In this prominent location, Ngaalim-Ngalimboorro Ngagenybe (From my women) frames the National Portrait Gallery’s collection through a lens of contemporary portraiture, inviting the viewer to consider the underlying ideologies of the genre. Portraiture comes from a western tradition of representation and expression, and its conventions are historically informed by western notions of identity and personhood. While some artists actively challenge the conventions of portraiture and stereotypes through their practice, Purdie’s approach to portrait-making quietly expands the genre.
Ngaalim-Ngalimboorro Ngagenybe was created for the 2018 exhibition So Fine: Contemporary women artists make Australian history, in which curators Sarah Engledow and Christine Clark invited ten artists to reflect on and reinterpret Australian history through contemporary portraiture. In September 2019 the self-portrait was acquired for the Portrait Gallery’s collection, an acknowledgment of Purdie’s personal history as a crucial part of the Australian experience, and one that will become increasingly important in the national conversation around cultural life and national identity. This landmark addition to the collection enhances the Gallery’s capacity to engage with Aboriginal ways of seeing and understanding the world, as well as making an important contribution to the genre of portraiture more broadly.
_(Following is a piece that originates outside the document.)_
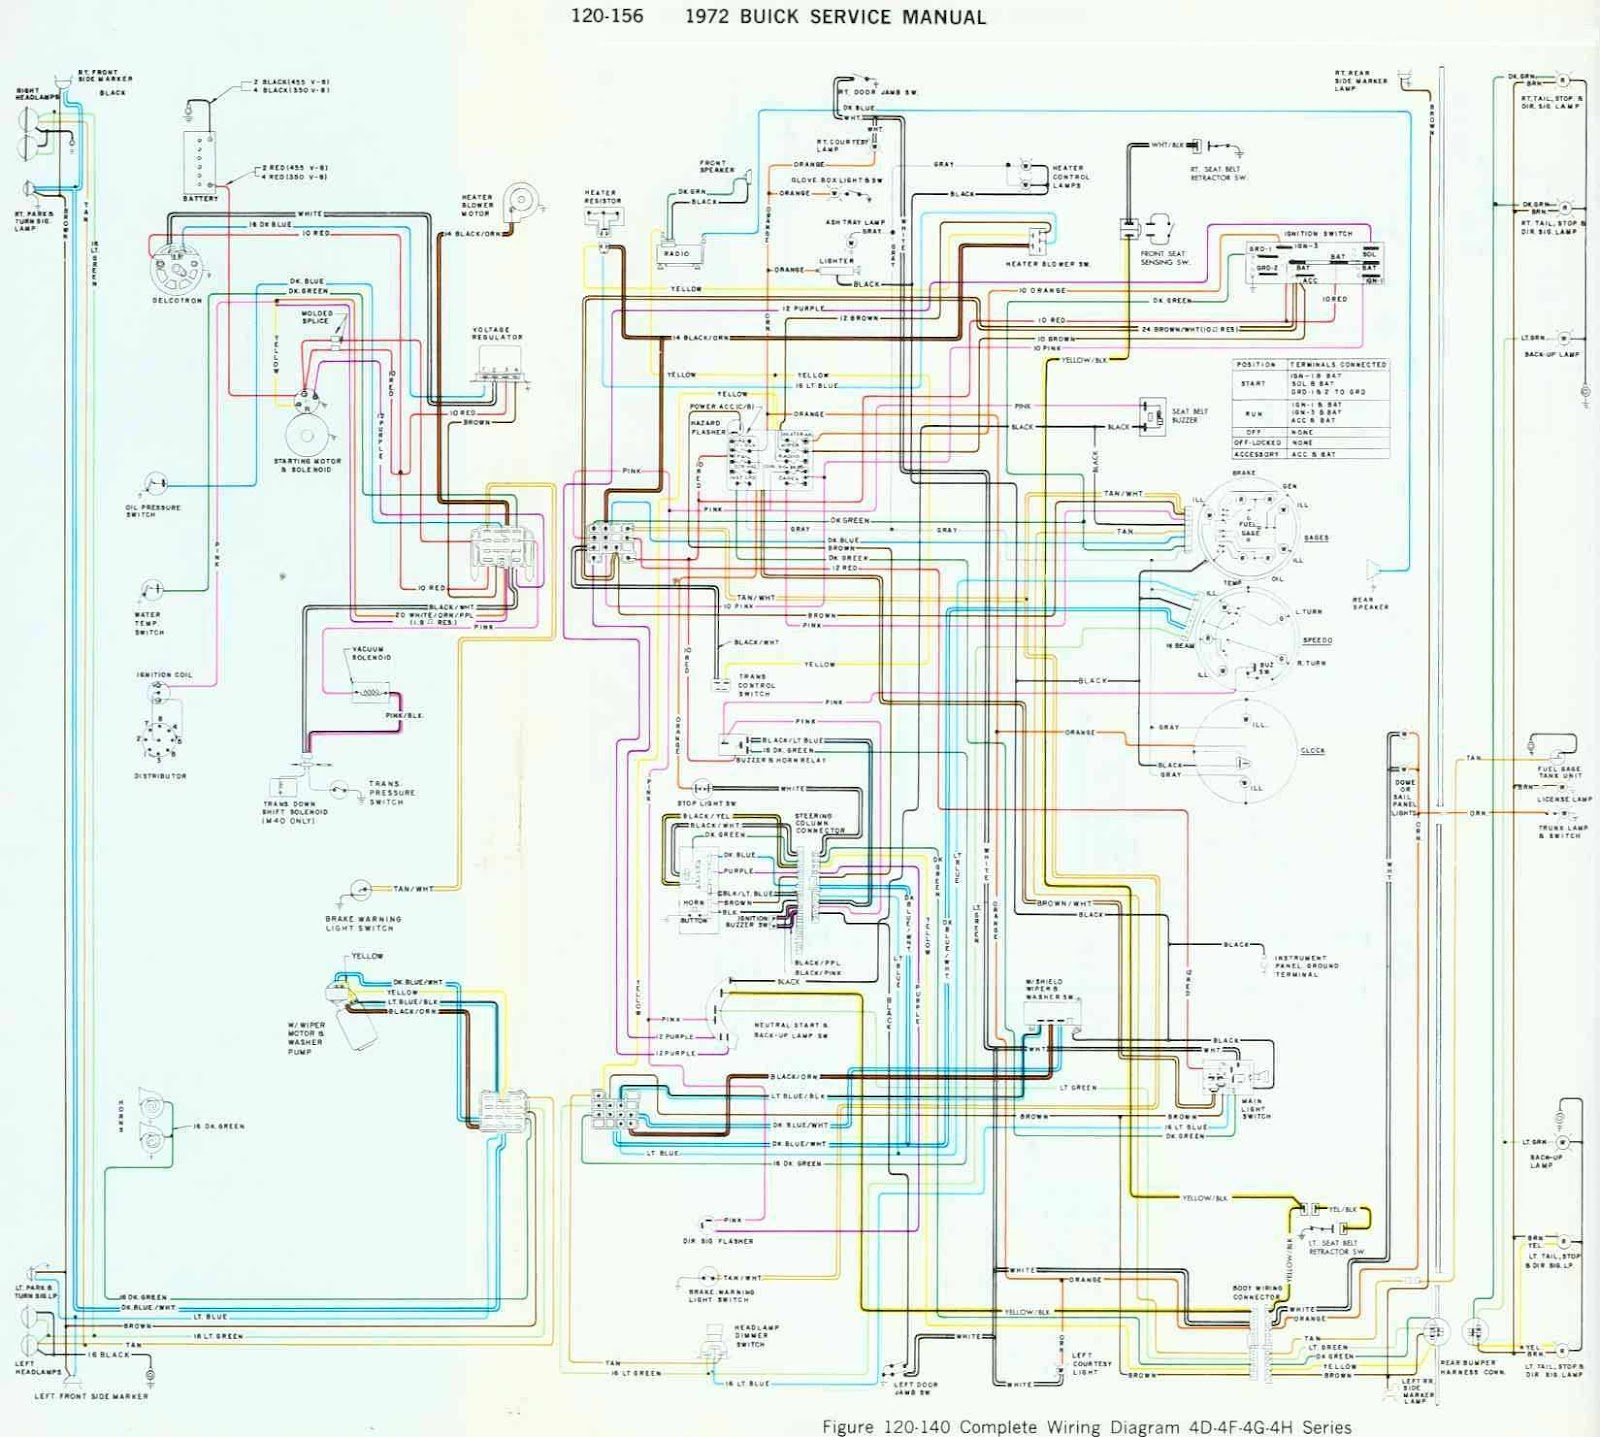 1984 Buick Wiring Diagrams Library. 1972 Buick Skylark Wiring Diagram Trusted Diagrams. Buick. Trunck Latch Wiring Diagram 1995 Buick Roadmaster At Scoala.co

Interrogating portraiture and supporting artists to challenge its boundaries is one of the responsibilities of a national portrait gallery. Inaugural National Portrait Gallery Director Andrew Sayers described the unique position in relation to Australian identity, stating, ‘National portrait galleries have been traditionally predicated on the idea that identity can be equated with individuality. In Australia, however, we have Indigenous traditions in which identity is actually lodged somewhere else – in relationships and in people’s relationships to land.’
In Ngalim-Ngalimbooroo Ngagenybe, Shirley Purdie pays homage to the women in her family, representing herself through their collective knowledge, culture and values. Her self-portrait depicts someone who has lived a storied life, shaped by land, family, law, ceremony and language. Unlike a traditional western portrait, these significant women are represented through their relationships and their stories rather than their physical appearance.